KALAKKAD, THIRUNELVELI, INDIA, July 7, 2011: The Sri Satya Vageeswarar temple has a wealth of inscriptions, sculptures, murals, music pillars and a towering rajagopuram with about 1,500 stucco figures. The temple has features that go back to the Chola period and so could be more than 800 years old.

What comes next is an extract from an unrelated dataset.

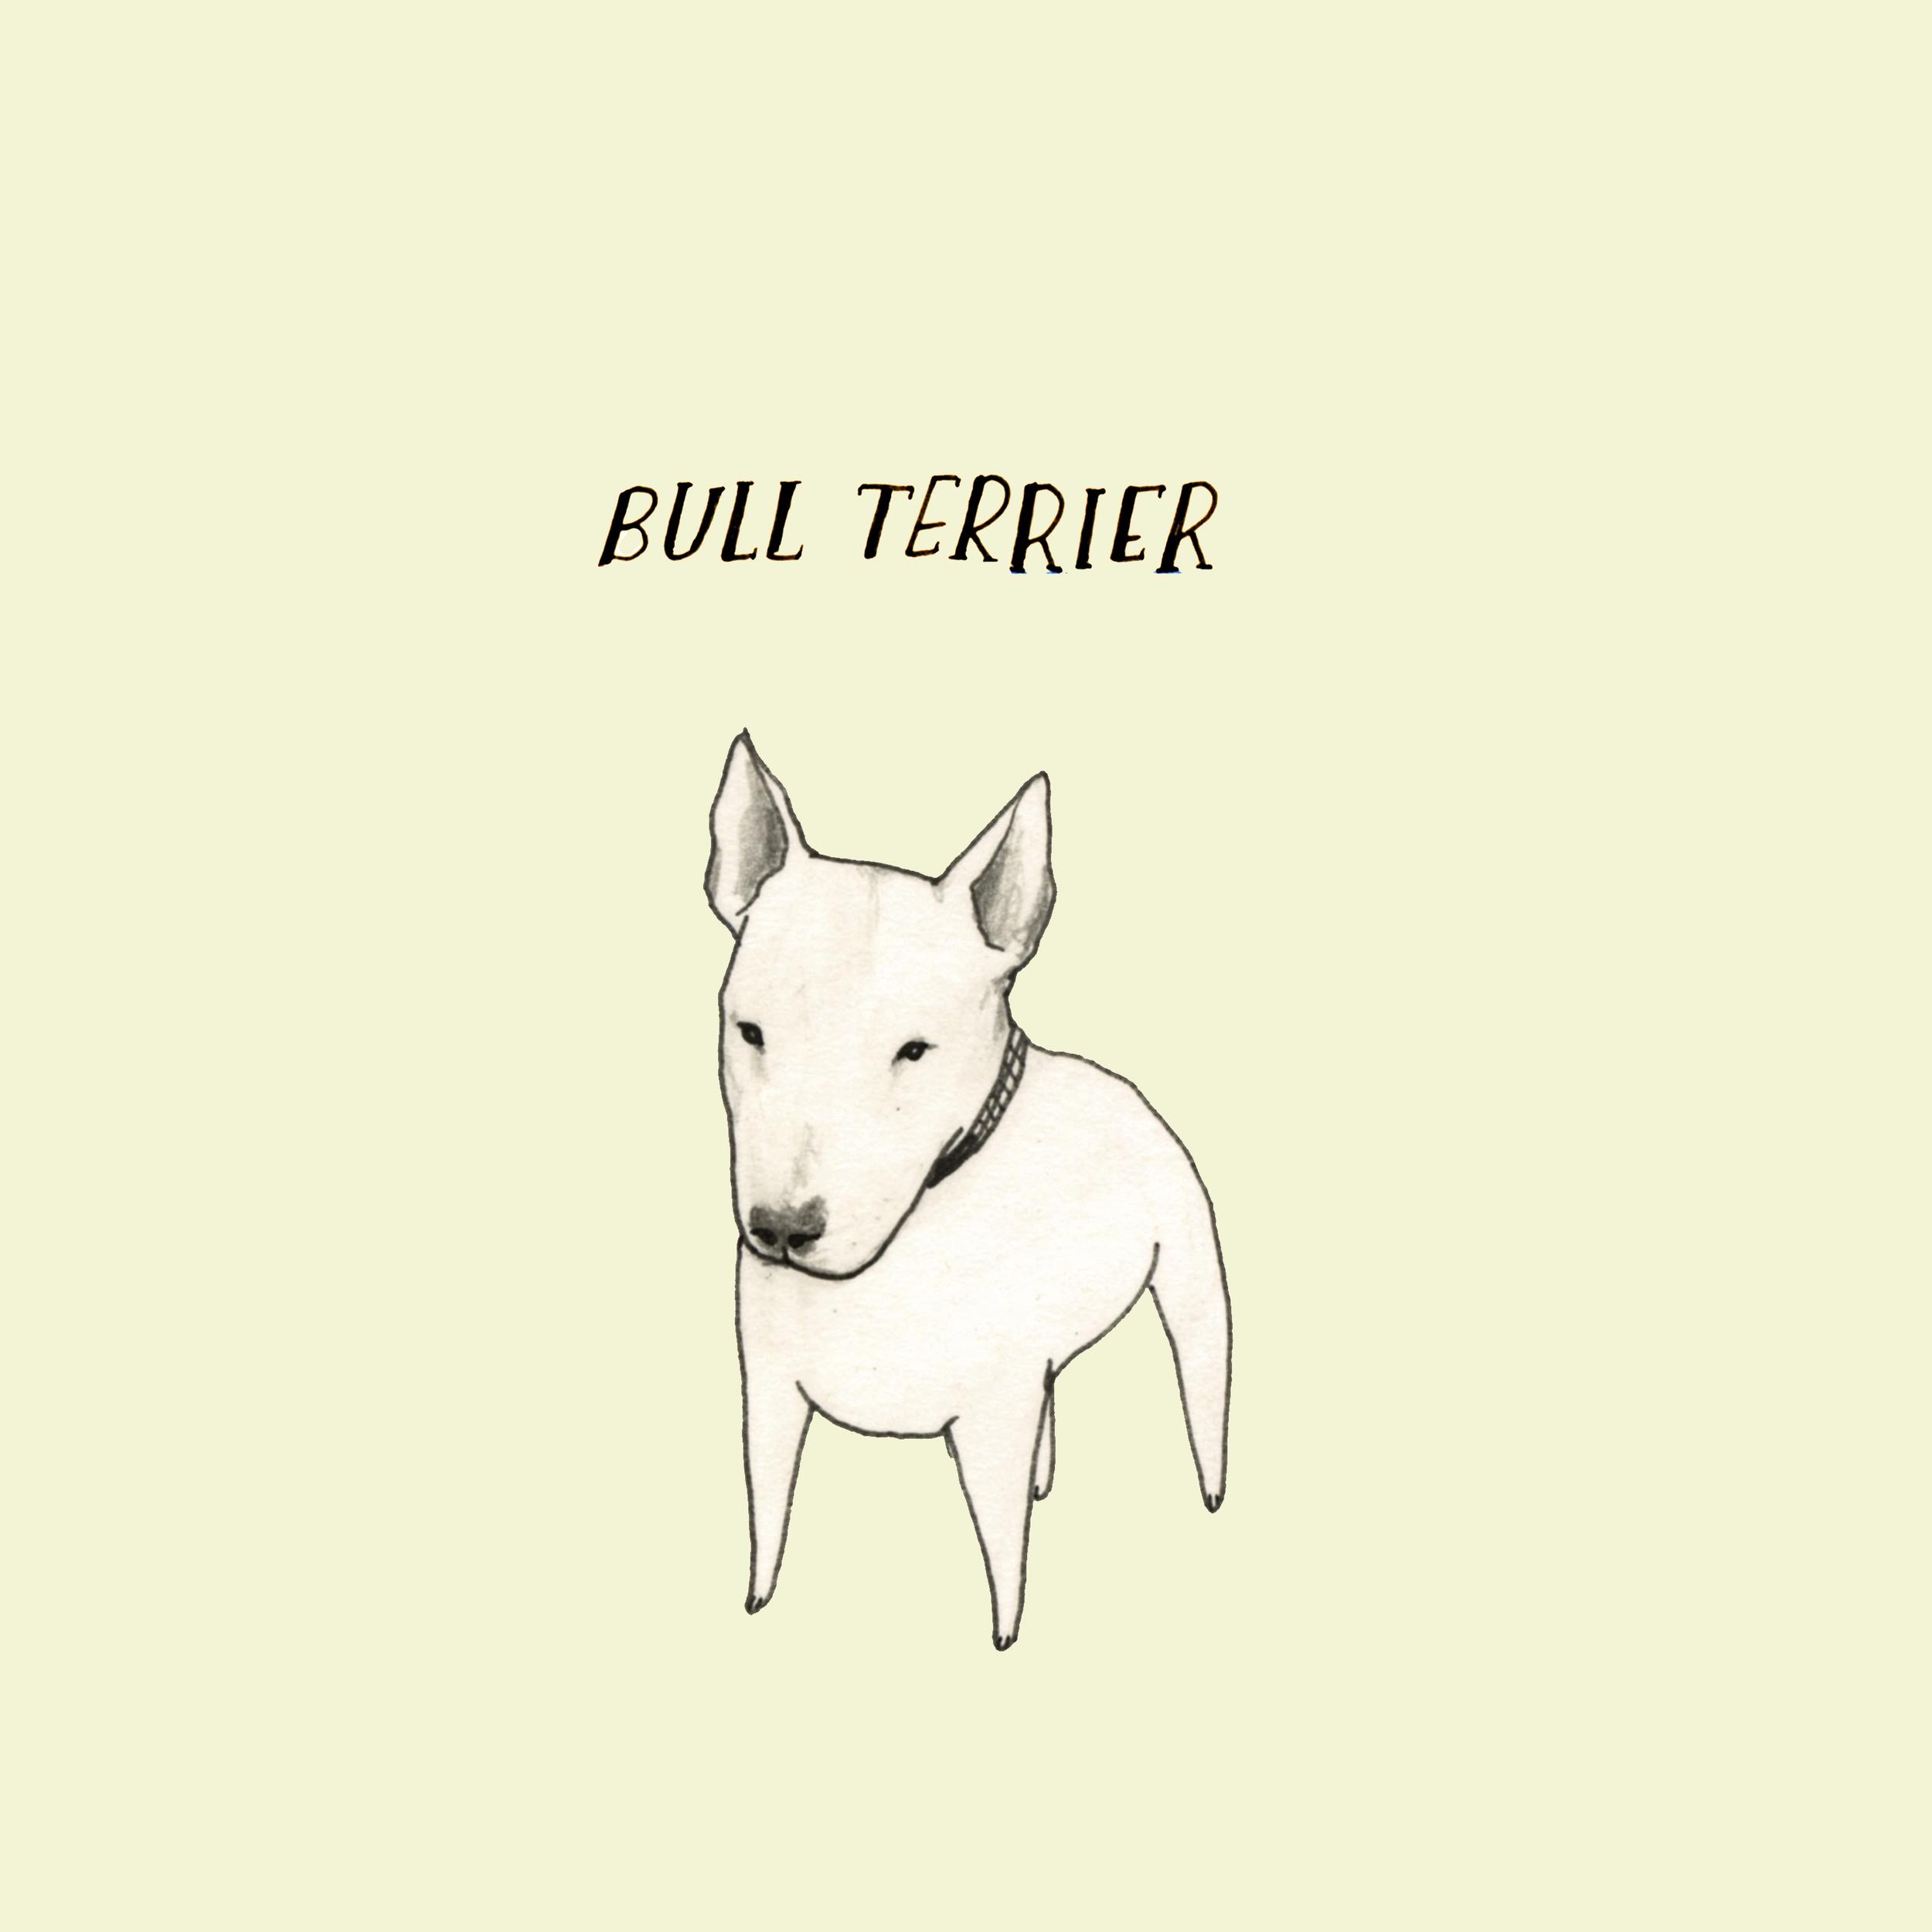 DogadayBullTerrier.jpg

For its upcoming kumbabishekam later this month, the temple has renovated the 135 ft tall, nine-tiered rajagopuram which teems with 1,500 stucco figures. They were made of ‘sudhai’ (lime mortar) which have suffered damage over time. On the inner walls of the rajagopuram’s nine storys there are about 200 beautiful murals, portraying scenes from the Ramayana, the Mahabharatha, Tiruvilaiyadal Puranam (Siva Leelas), Siva’s marriage to Parvati, episodes from the lives of the Tamil Nadu’s Saivite saints, Siva as Bhikshatana, Rati and Manmatha, Krishna Leelas, the wedding of Saivite saint, Sundarar and more.
According to T. Satyamurthy, former superintending archaeologist, Archaeological Survey of India, the murals are “an amazing art gallery of puranic themes.” The REACH Foundation, of which Dr. Satyamurthy is one of the founders, plans to restore the murals which have been vandalized.